Я ему сказал, что если это все удалось, то только потому, что работалось легко, весело, в полном единении с Козинцевым, который как режиссер дает полную волю актеру искать, предлагать, фантазировать, импровизировать, но и вовремя умеет остановить, для того чтобы помочь отобрать самое нужное, самое выразительное, самое типическое для картины, куска и образа в целом.
Щукин опустил голову и, как мне показалось, проникновенно сказал:
- Так работать - это наслаждение, это мне напоминает опять Вахтангова. Хорошо! - закончил он задумчиво.
Эти чудесные вечера, которых у нас, к сожалению, было немного и об одном из которых я еще расскажу позже, заставляли либо пересматривать уже устоявшееся, либо утверждаться в том, в чем раньше ты колебался.
Я был сторонником актерской свободы, влюбленности в работу вместе с другом - режиссером, и меня радовало, что я находил таких авторитетных союзников...
Заметьте, что я никак не могу приступить к конкретному рассказу о том, как играли Чехов и Вахтангов, ибо все время делаю петли, перебивая себя, предаваясь ассоциациям.
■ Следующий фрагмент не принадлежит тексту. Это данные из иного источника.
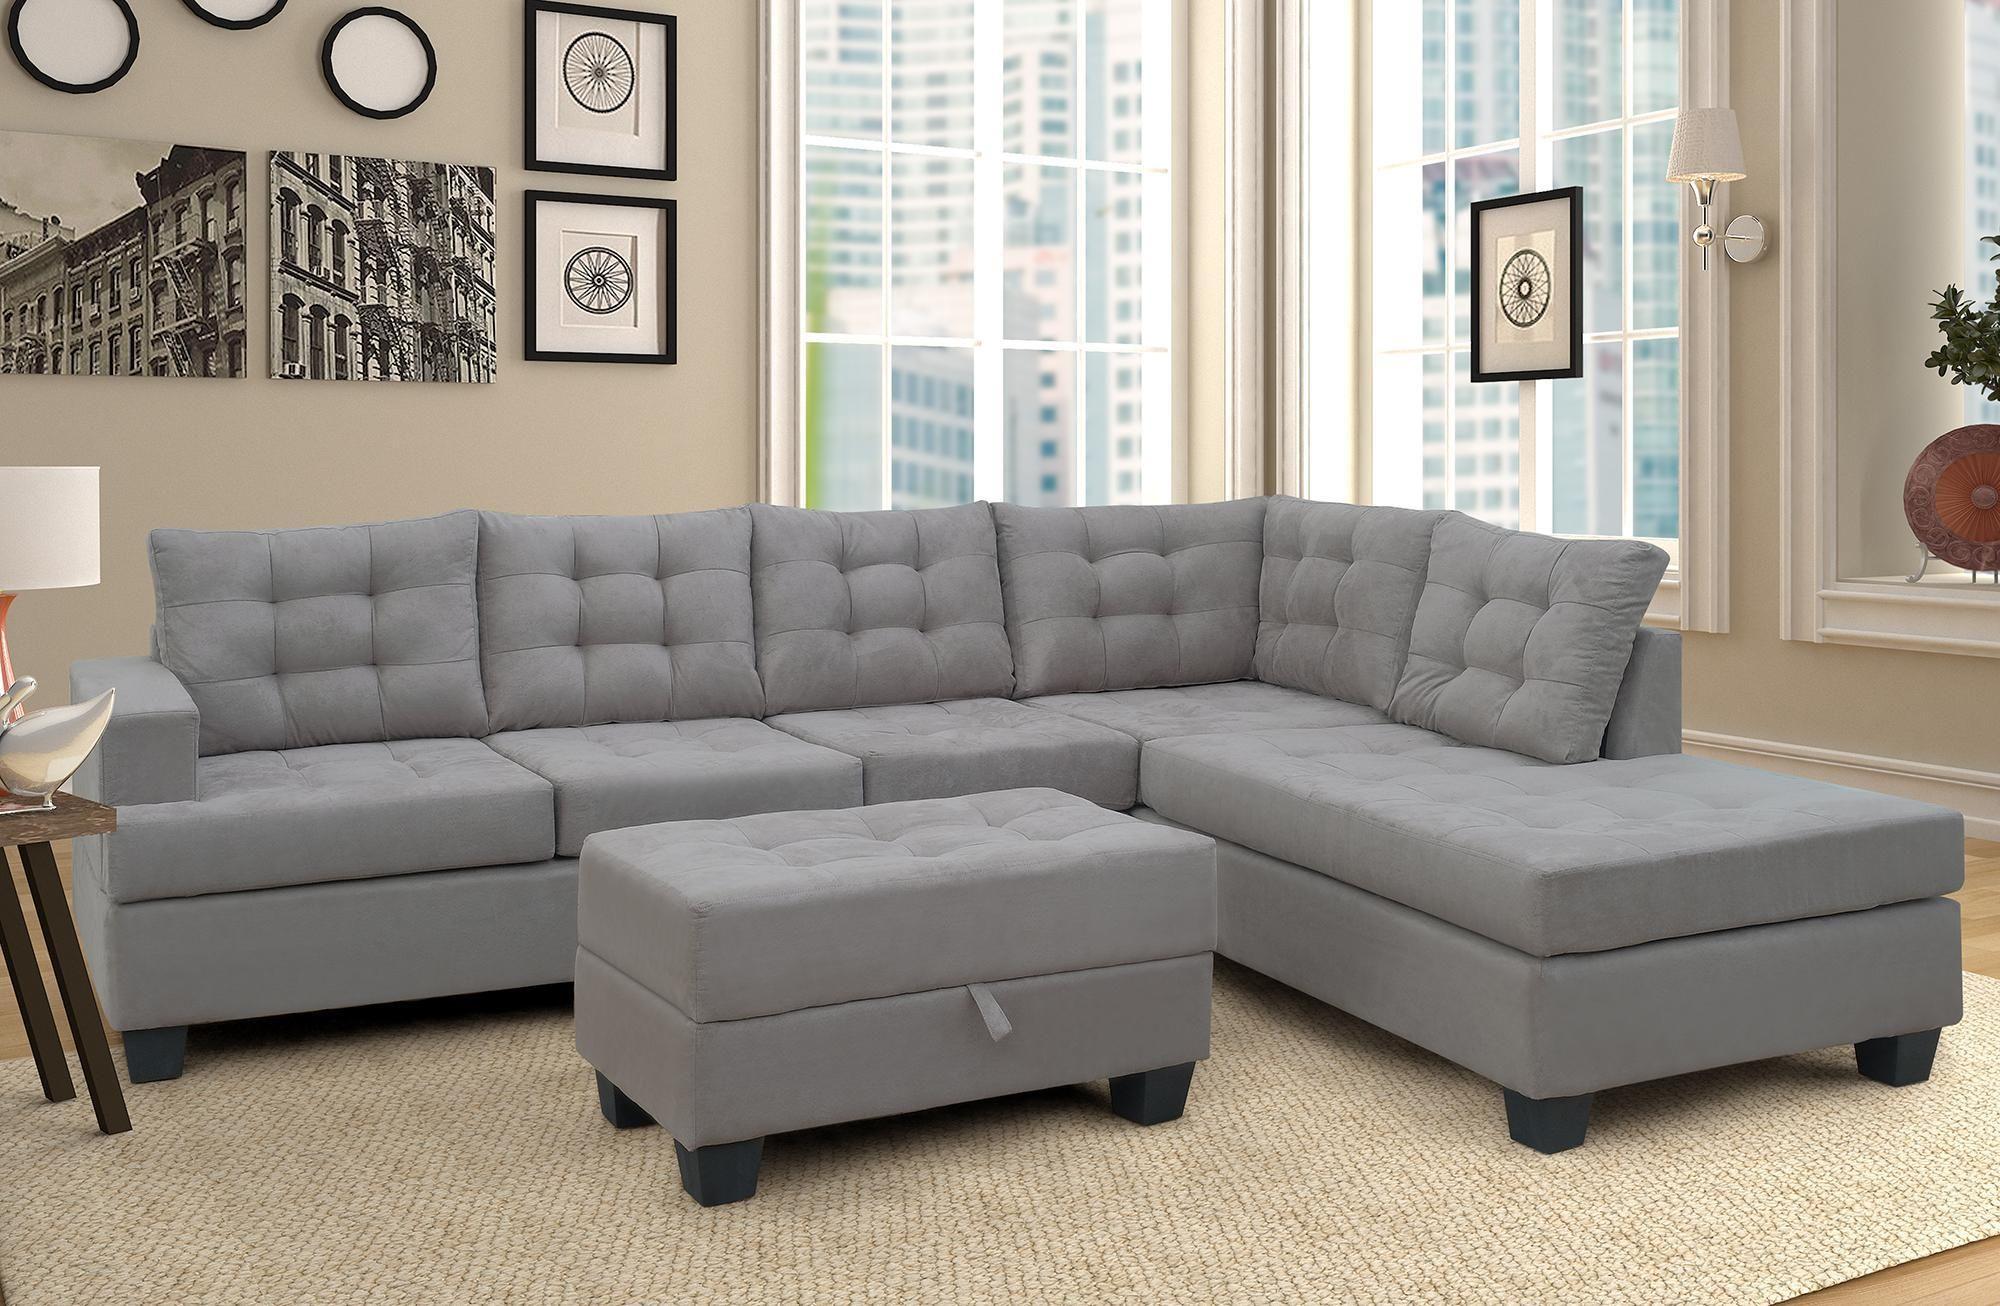 US Stock, Chaise Lounge 및 Storage Ottoman L Shape 소파 소파 거실 가구 (회색) SM000049EAA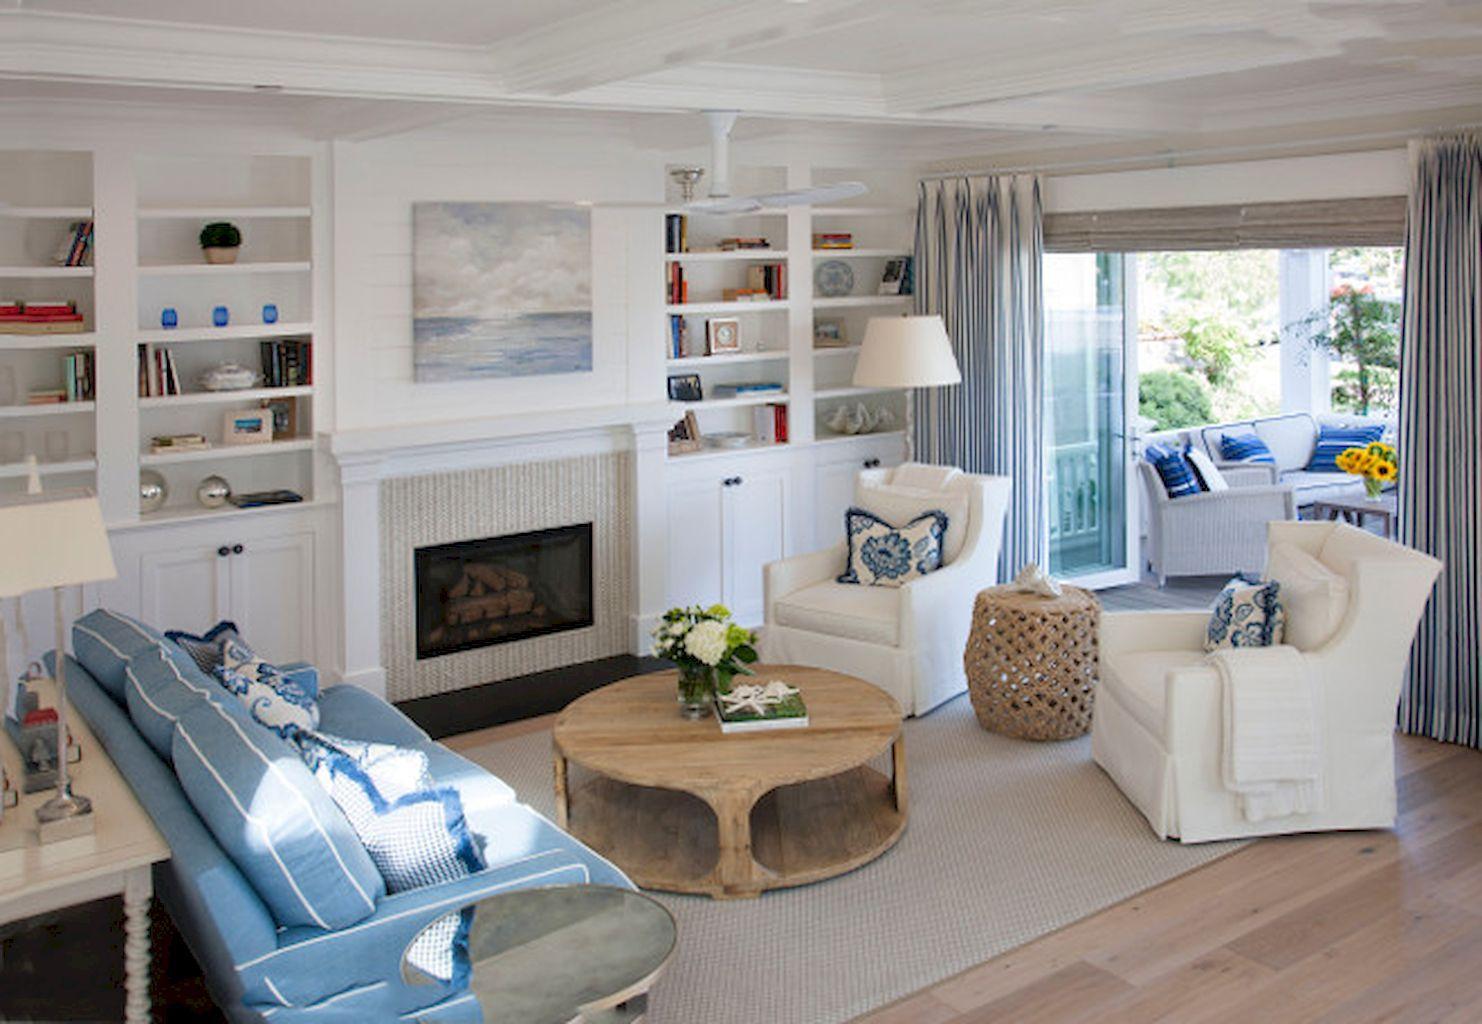 85 Cozy Coastal Living Room Decorating Ideas  Coastal Living Fair Coastal Living Room Designs Design Ideas

Эти "петли" возникают естественно, ведь от игры подлинных артистов получаешь обильную пищу для мыслей и чувств.
Я, к сожалению, не могу восстановить рисунка их ролей - с тех пор прошло столько времени! Поэтому я прошу верить, что это было действительно замечательно, что даже такой придирчивый человек, такой Фома-неверующий, который, пока сам не увидит и не пощупает, не скажет: "да", как К. С. Станиславский, признавался, что "Потоп" он смотрел множество раз, неизменно приходя в восторг от того, как исполнялась одна и та же роль двумя столь непохожими актерами. В спектакле все играли великолепно: и Хмара, и Сушкевич - весь ансамбль был замечательным. Но эти два исполнителя не только великолепно играли, но и принципиально решили проблему дублерства.
Чехов был неповторимым виртуозом в создании человеческих характеров. В роли Мальволио, в которой до того блистал Колин, Чехов, создал образ почти гротескный, пользуясь, однако, настолько мягкими, до наивности простыми средствами, что вы были совершенно убеждены в том, что где-то совсем недавно действительно видели такого человека. Необыкновенная внутренняя вера заставляла верить и зрителя, что только так и может взирать на мир человек, подобный Мальволио Чехова. Он делал разнообразнейшие эксцентрические трюки, какие может позволить себе лишь знающий секреты мастерства и: полностью владеющий
перевоплощением актер. Они служили нужным, органичным, действенным дополнением психологического рисунка роли. Каждый его комедийный трюк был выполнен мастерски не только с точки зрения актерской техники, но - в чем и состоял весь секрет! - с точки зрения внутренней необходимости его в данном контексте, именно для данного образа. Отбор был точен, это был не трюк, взятый "напрокат", а трюк, рожденный органическим единством внутренней и внешней жизни актера в роли.
В последнем акте "Двенадцатой ночи" Мальволио - Чехов объяснялся в любви герцогине. Мальволио заставал ее у маленького аналоя, рядом стояла низкая скамеечка, на которую во время молитвы герцогиня, опускаясь на колени, клала библию. Чехов - Мальволио преклонял колени перед возлюбленной, и скамеечка оказывалась между его ногами. Он говорил пылкие слова, доводившие его до любовного экстаза. Мальволио - Чехов пытался встать, но колени в судороге сжимали скамейку, и он не мог подняться. Он делал всяческие попытки освободиться от проклятой скамейки, но у него ничего не получалось.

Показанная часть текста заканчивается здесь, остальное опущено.